Syla Akrita was the mother of Elena Akrita, a journalist who was first elected to the Hellenic Parliament from the Syriza party in 2023.

==Life and career==
Akrita was born in Thessaloniki on 17 July 1928, to ethnic Greek parents from present-day Turkey. Her mother was Loukia Roussidi. Her father, Konstantinos Giavasoglou (1886–1977), was an industrialist and Greek Senator who served as Deputy Minister of Welfare, overseeing refugees, under Prime Minister Alexandros Papagos from 1954 to 1955. Akrita studied social welfare and related disciplines as a student.

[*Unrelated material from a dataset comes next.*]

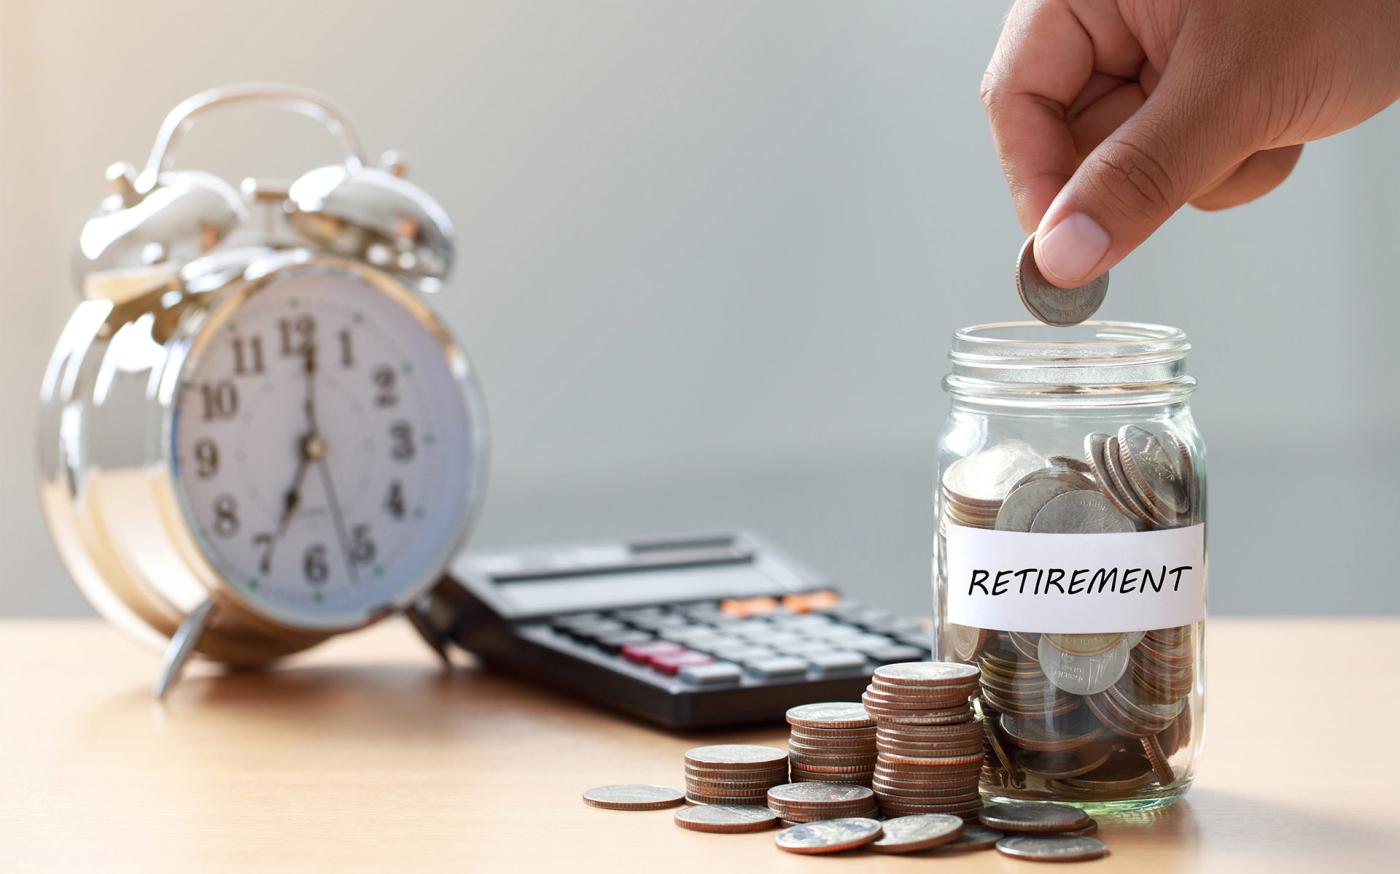 It’s Never Too Late to Save for Retirement

She met her future husband, Loukis Akritas (1908–1965), a Greek Cypriot journalist, writer, and politician, while he was serving as a member of parliament and secretary general for the National Progressive Center Union (EPEK) party. The couple married in 1951. Their daughter is Elena Akrita, a journalist and politician who was elected as an MP for the Syriza party in the May and June 2023 Greek parliamentary elections.

===Political career===
Sylva Akrita entered active politics after the death of her husband. Akrita was the only female candidate from Georgios Papandreou's Centre Union party in the 1967 Greek legislative election. However, the election, originally scheduled for May 1967, was cancelled following the 1967 Greek coup d'état, which brought the Greek junta military dictatorship to power.

Akrita became a vocal opponent of the new Greek military dictatorship. She joined the Patriotic Front, a civil and political organization opposed to military rule. Akrita was arrested in 1967 and sentenced to ten years in prison by a military court, becoming one of the first Greek women to be imprisoned by the junta for political activities.

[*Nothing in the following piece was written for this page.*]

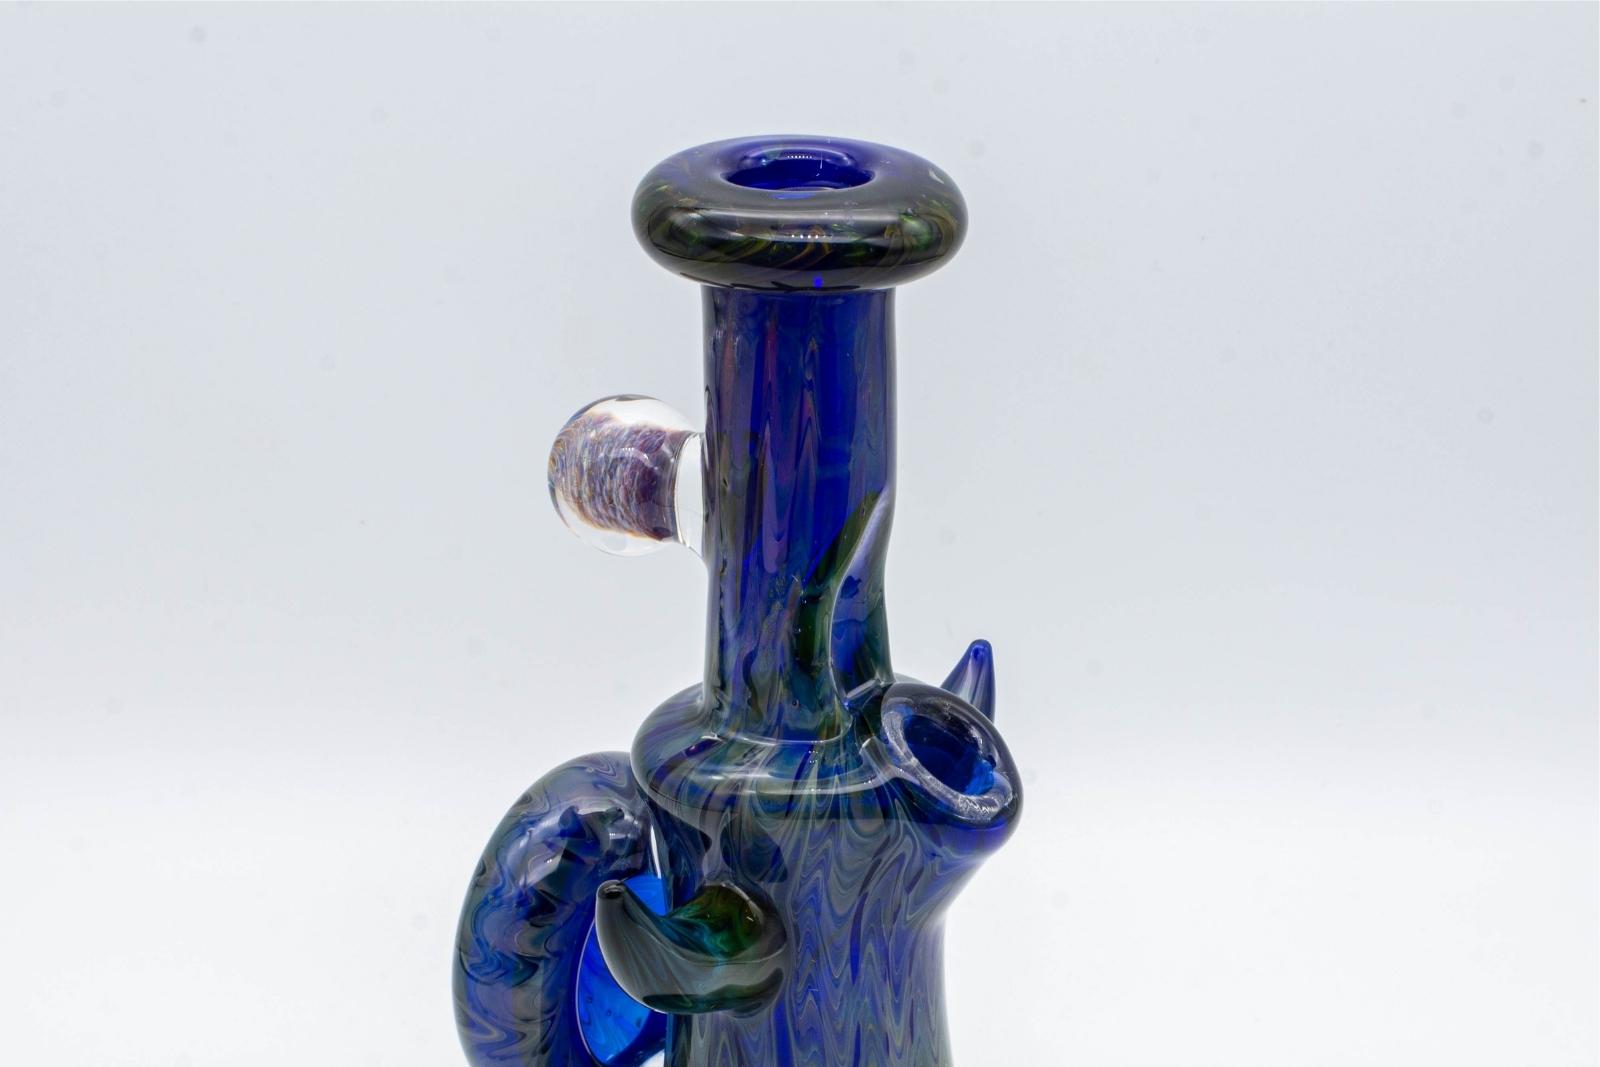 A cobalt and gold fumed, 6-inch jammer, made by GooMan Glass, on a white background

Sylva Akrita became a founding member of the PASOK in 1974. Following the end of military rule, Akirta was elected to the national Hellenic Parliament as one of three PASOK MPs representing the former municipality of Athens constituency in the 1974 Greek parliamentary election. In doing so, Sylva Akrita became the first woman ever elected to the national parliament from the PASOK party in history. She served her first term as an MP from 1974 to 1977.

Akrita returned to the Hellenic Parliament in the 1981 Greek parliamentary election, receiving the most votes of any female candidate. She was appointed to the foreign affairs committee and a representative of the Parliamentary Assembly of the Council of Europe. In 1984, she was elected to the Central Committee of the PASOK party.

Prime Minister Andreas Papandreou appointed Akrita as Deputy Minister of Health, Welfare and Social Insurance on 31 October 1986. Akrita had been previously considered for other ministerial posts by the Papandreou government, but her potential appointments were reportedly opposed by the prime minister's wife, Margaret Chant-Papandreou, who disagreed with Akrita over the existence of the Women's Union of Greece. Akrita served as Deputy Minister of Health from 31 October 1986 to 22 June 1988. During her tenure, Akrita spearheaded a bill to modernize the welfare system, drafted a new bill to regulate adoption procedures, founded new nurseries, and introduced a bill to eliminate the debts for Greek refugees.

In 1989, Akrita won re-election as the only woman MP representing the Athens B constituency. In 1993, she was again re-elected to parliament, as well as a member of the Council of Europe. She declined to seek re-election during the 1996 Greek parliamentary election after Costas Simitis became leader of PASOK and retired from active politics.

===Death===
Akrita died on 23 December 2025, at the age of 97. Her funeral was held at the First Cemetery of Athens on 29 December 2025.